Bárbula Tunnel (Spanish: Túnel de Bárbula) is a partly-constructed railway tunnel in Venezuela. It is between Las Trincheras and Naguanagua in Carabobo state.
The tunnel has a length of 7.8 km (4.8 mi), which makes it the longest in South America.

The tunnel is part of a projected line between the sea port city of Puerto Cabello, Carabobo State, and the crossroads town of La Encrucijada, Aragua State. Tunnels are required to provide a low gradient route through the mountains of the Venezuelan Coastal Range.
Bárbula Tunnel takes its name from Bárbula, a locality near Naguanagua.

==Geology==
Granitic rocks are typical of the geology of the area, but clay and alluvium, requiring special ground improvement, have been described as being characteristic of the tunnel.
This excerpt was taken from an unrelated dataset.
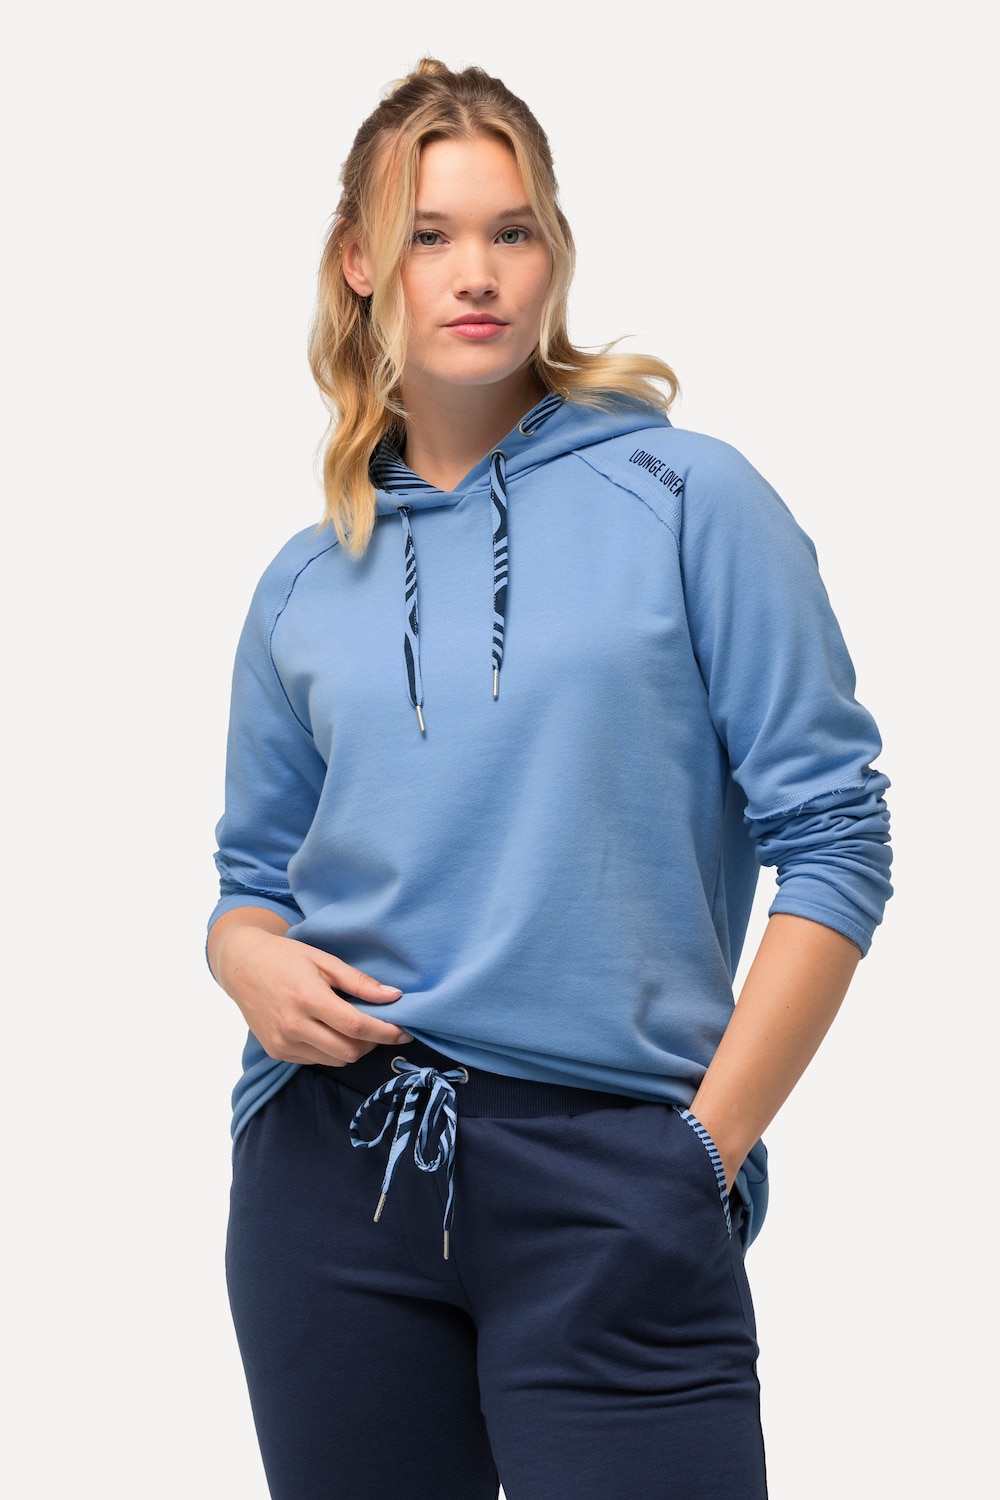 Grote Maten Loungewear-hoodie, Dames, blauw, Maat: 42/44, Katoen/Polyester, Ulla Popken

==History of the project==
In the 19th century the Puerto Cabello and Valencia Railway was built along a similar route between Valencia and the coast. By following a river, the engineers were able to keep the tunnels on this line short, but they felt obliged to use a rack section to deal with the difficult gradients near Bárbula. The railway closed after World War II and traffic moved to road.
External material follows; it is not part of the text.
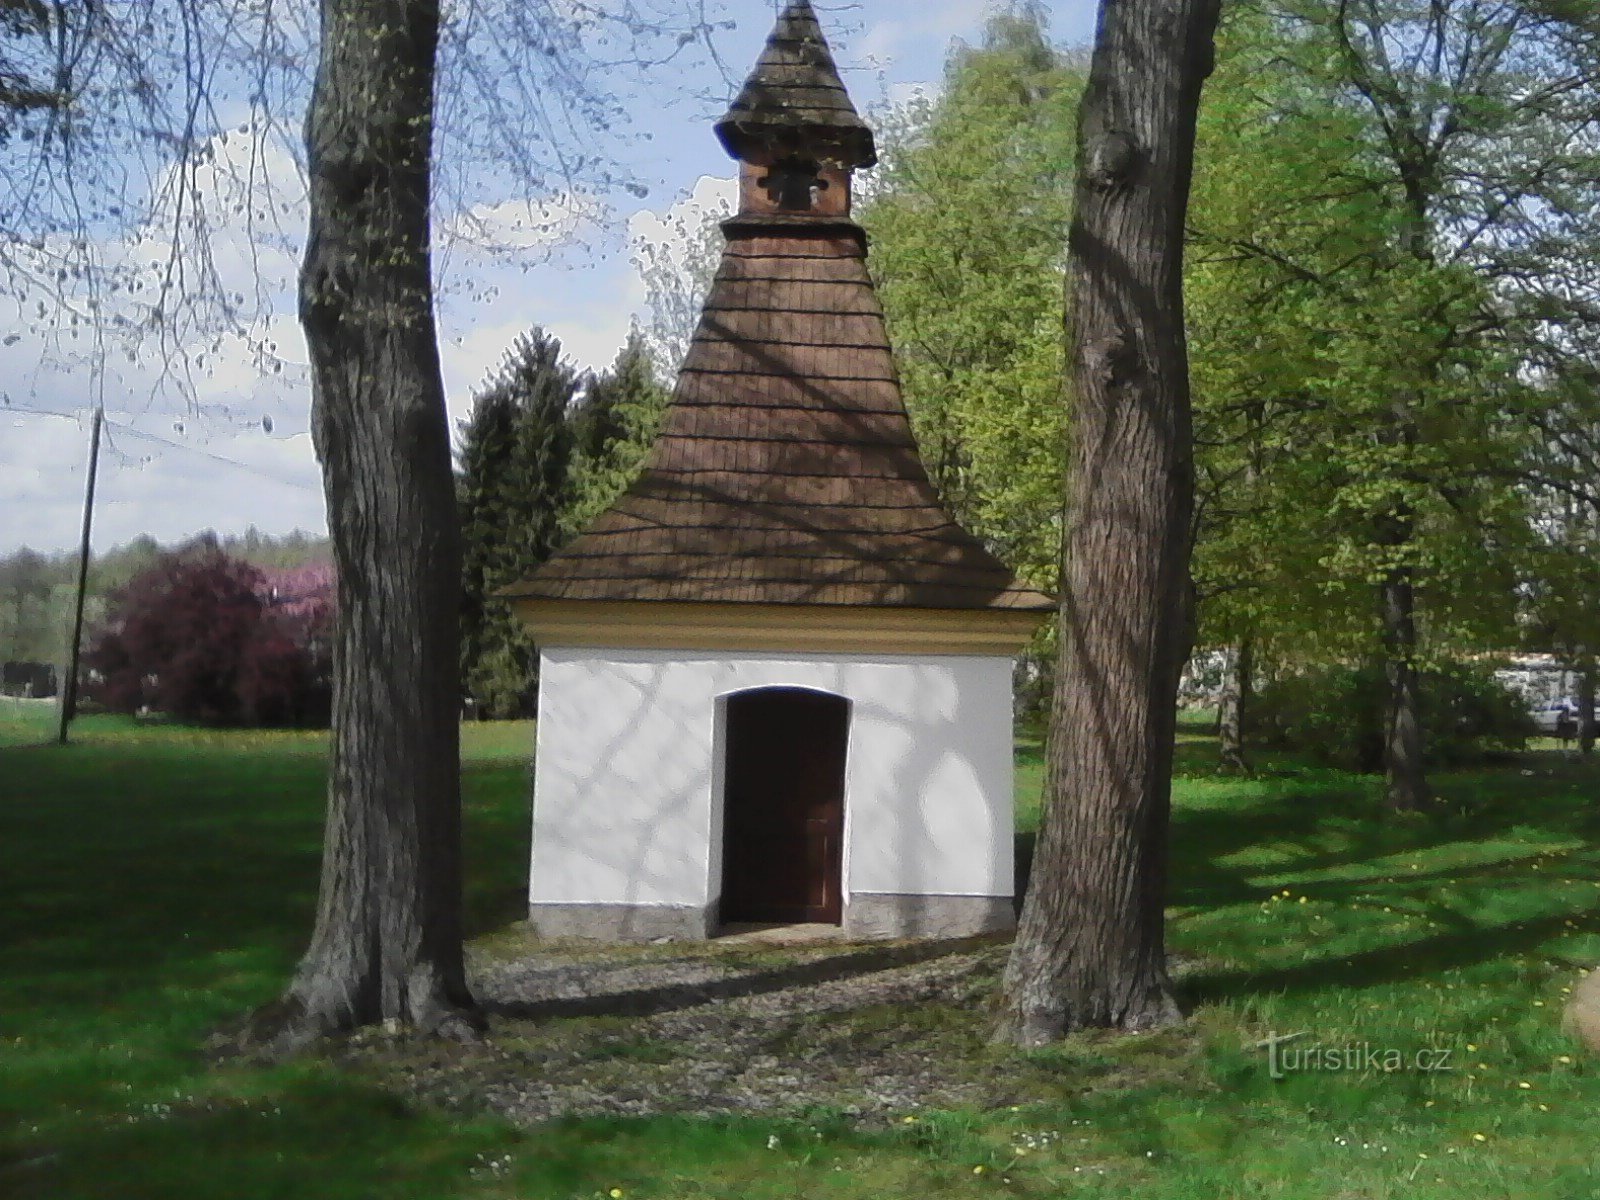 1. Capela da vila de S. Anna em Leskovice da virada dos séculos XVIII e XIX.

Interest in railways revived in the country in the late 20th century. A Metro was constructed in Caracas and work was done on a commuter line between Caracas (Libertador Simón Bolívar Terminal) and Cúa

===Financial problems===
Completion of the line was scheduled for 2010.
In 2016 a report relating to the Italian-based construction firm Salini Impregilo described work on the project as "irregular and marked by slow payments by the client as a result of the country’s poor economic conditions, mainly related to the drop in the price of oil."